Several studies have used complex span tasks to train WM in children and adolescents and have been able to produce broader transfer effects (Alloway & Alloway, 2008; Loosli, Buschkuehl, Perrig, & Jaeggi, 2012; Van der Molen et al., 2010). One commercially available program which includes complex span tasks is Jungle Memory designed by Alloway and Alloway (2008). Alloway (2012) used Jungle Memory to train WM in adolescents with learning difficulties and reported improvements in working memory capacity (near transfer), vocabulary (far transfer) and mathematical abilities (far transfer). Other researchers who have used complex span tasks to train WM have reported transfer effects to reading ability in healthy children (Loosli et al., 2012) and scholastic abilities in adolescents with mild to borderline intellectual disability (Van der Molen et al., 2010). These findings suggest broader transfers than those produced with simple span tasks corroborating the view that complex spans have greater predictive capacity (Daneman & Carpenter, 1980; Engle et al., 1999; Unsworth & Engle, 2007b) and are perhaps better suited to exercise WM and/or produce transfer effects. However, a meta-analysis of WM training programs which included Jungle memory showed that these training programs were only successful in producing short-term near transfer effects (Melby-Lervåg & Hulme, 2013). Thus further research is required to investigate the effectiveness of complex span tasks as training tasks before conclusive statements can be construed.

Training Attention

Attention is broadly defined as the ability to concentrate on a selected aspect of the environment. The type of attention targeted by cognitive training researchers is varied. Four attentional functions have been described, each associated with a separate neural correlates (Posner & Petersen, 1990; Tsal, Shalev, & Mevorach, 2005). These include orienting of attention (directing attention to a specific stimulus in the sensory environment), selective attention (selection of the relevant information from sensory input), sustained attention (the ability to sustain attention over time) and executive attention (the ability to divide or to alternate/shift attention between two tasks).
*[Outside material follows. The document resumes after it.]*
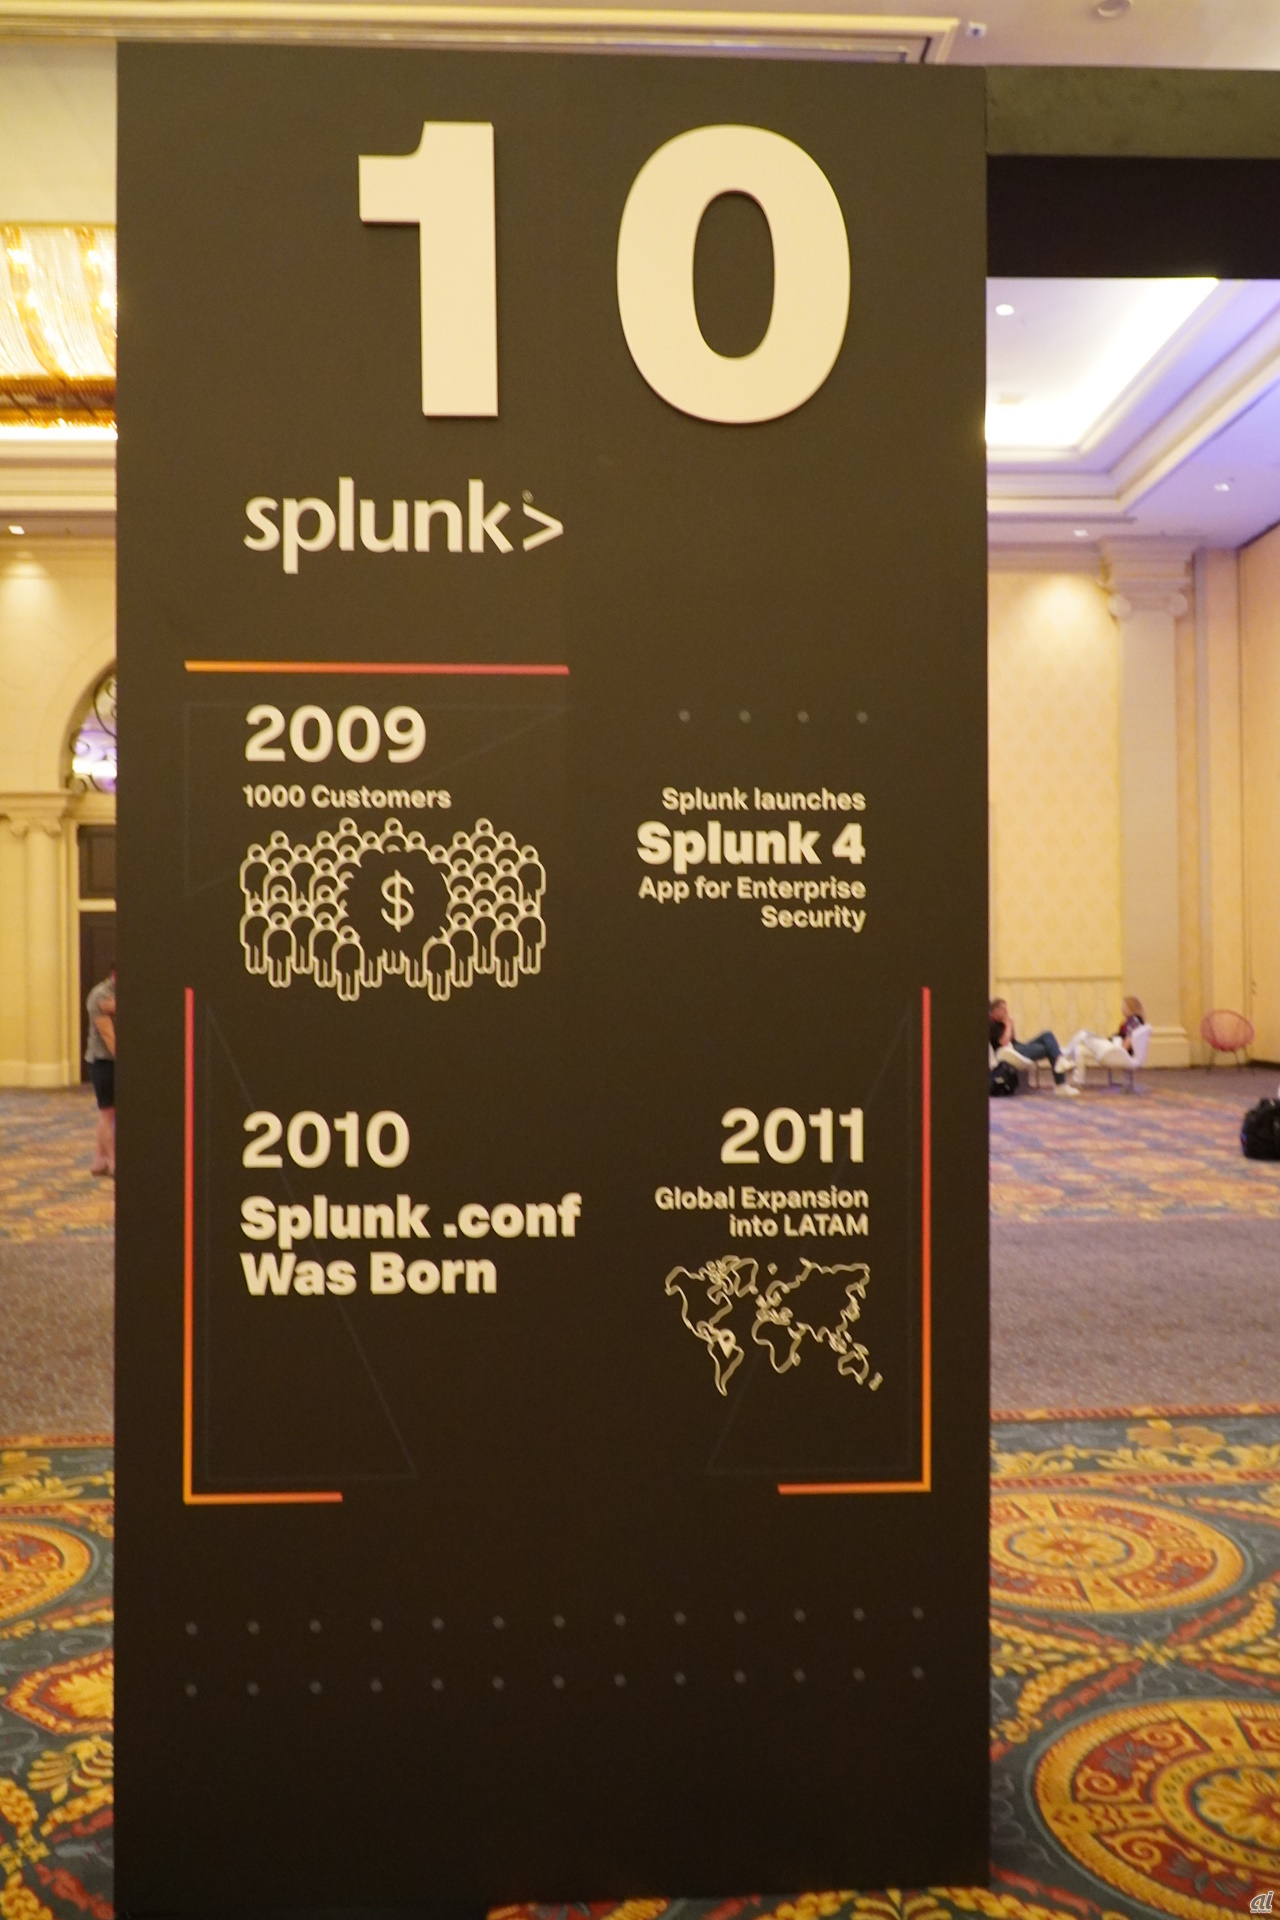 2009年に顧客数は1000を突破し、「Splunk 4」をリリース。2010年には年次カンファレンス「Splunk .conf」が始まり、2011年にラテンアメリカ地域に進出した。

Studies which have trained attention appear to have based their selection on the central-deficit assumption with the approach that inattentiveness is the key impairment in ADHD and remediating it would alleviate cognitive and behavioral difficulties associated with ADHD. There are two commercially available programs (“Captain’s Log” and “Pay Attention”) that train various attentional networks in addition to other cognitive processes. Several studies have used Captain’s Log as a training program for children with ADHD and have reported improvements on the Continuous Performance Test (CPT) and transfer to parent/teacher rating scales (Table 1). Slate et al. (Slate, Meyer, Burns, & Montgomery, 1998) reported additional transfer effects to math and vocabulary but they did not run formal statistical tests, it is therefore difficult to consider their findings to be significant training-induced improvements.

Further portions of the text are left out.